Though it is generally underestimated, millimeter wave spectrum and the other associated technology trends will enable wireless networks--for the first time--to directly challenge fixed networks for internet access customers, with features that are at least as good as fixed networks (and sometimes better), and with retail pricing that also is comparable.
Conversely, that is going to be a key business model challenge for tier-one operators of fixed access networks, which might well see accelerated market share loss, and greater stranded asset problems for their fixed network operations.
That is worth keeping in mind as Verizon readies its 5G strategy. Verizon has the smallest fixed network footprint among tier-one internet access suppliers in the U.S. market.
AT&T’s fixed network passes perhaps 62 million U.S. homes. Verizon, on the other hand, passes perhaps 27 million locations.
What that means is that Verizon has a clear interest in using 5G fixed wireless to expand its addressable market by more than 35 million U.S. homes that it cannot reach today, giving Verizon a fixed network footprint that is comparable to its key rivals.
And that attack will be based on use of 5G millimeter spectrum and fixed wireless mode. That might make Verizon a rarity in the U.S. market: a tier-one service provider that actually can earn lots of incremental 5G revenue by taking fixed internet access network share away from other key competitors.
Many observers believe 5G will rely mostly on 5G value for internet access, in the early years.
For the most part, though, it is likely that all mobile operations will largely replace 4G accounts with 5G accounts, offering some incremental new revenue, but not too much.
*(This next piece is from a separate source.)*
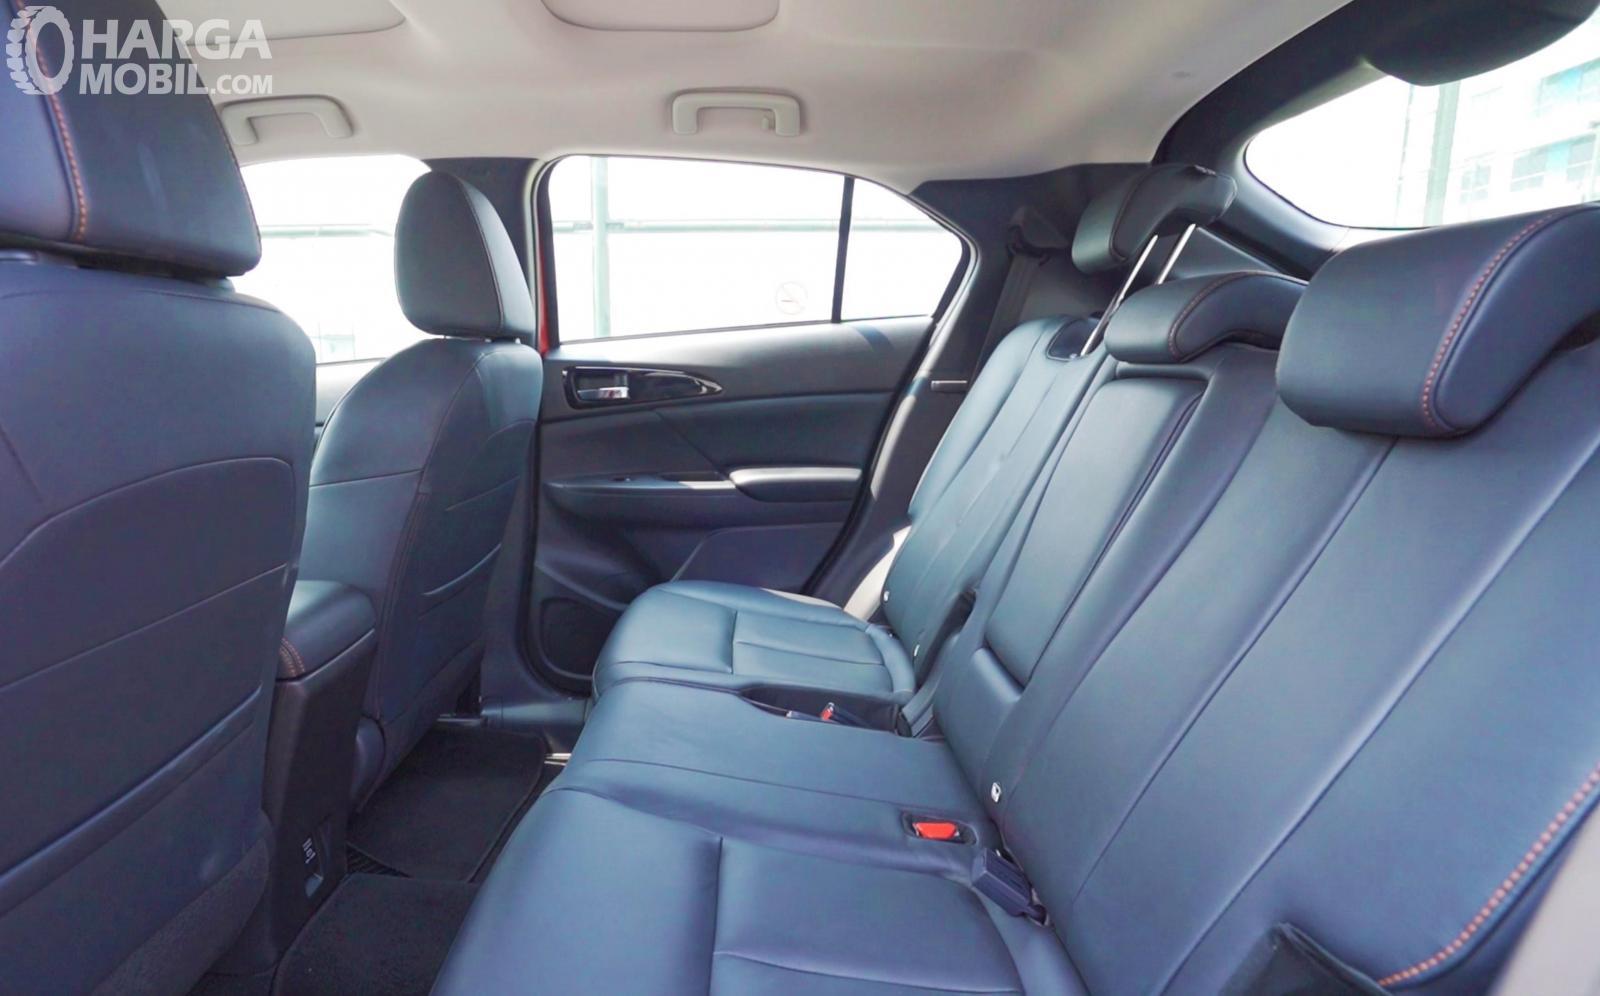 Foto kursi baris belakang Mitsubishi Eclipse Cross 2019

But even if 5G does not immediately lead to huge new revenue streams and new internet of things and ultra-low latency use cases, it is likely to enable a key near-term Verizon growth strategy, namely growth by taking market share now held by competitors in fixed network internet access markets.
While that might not address other long-term issues, taking market share is a proven way for attackers to boost growth and revenues in the near term. That is precisely what cable TV operators did in voice, are starting to do in mobile services what some telcos now are doing in video (both access and content).
Long term, gaining additional market share in internet access does not address what Verizon and other service providers must do to replace shrinking revenues in their legacy connectivity and linear video subscription businesses.
Nor does that same strategy make as much sense for Verizon’s other fixed network competitors. Comcast is focused on international growth; AT&T on content and other “up the stack” opportunities, with some international growth; Charter Communications has to upgrade its access networks and figure out what to do about “up the stack” content or other growth strategies.
Sprint and T-Mobile US do not have the resources or will to do much more than try and gain share in the core mobile business, for the time being. CenturyLink already has made a huge transformation into an enterprise services company with a big legacy consumer telecom business.
The point is that there is no single, universal strategy for 5G. Each company will move ahead based on its perception of other elements of its growth strategy.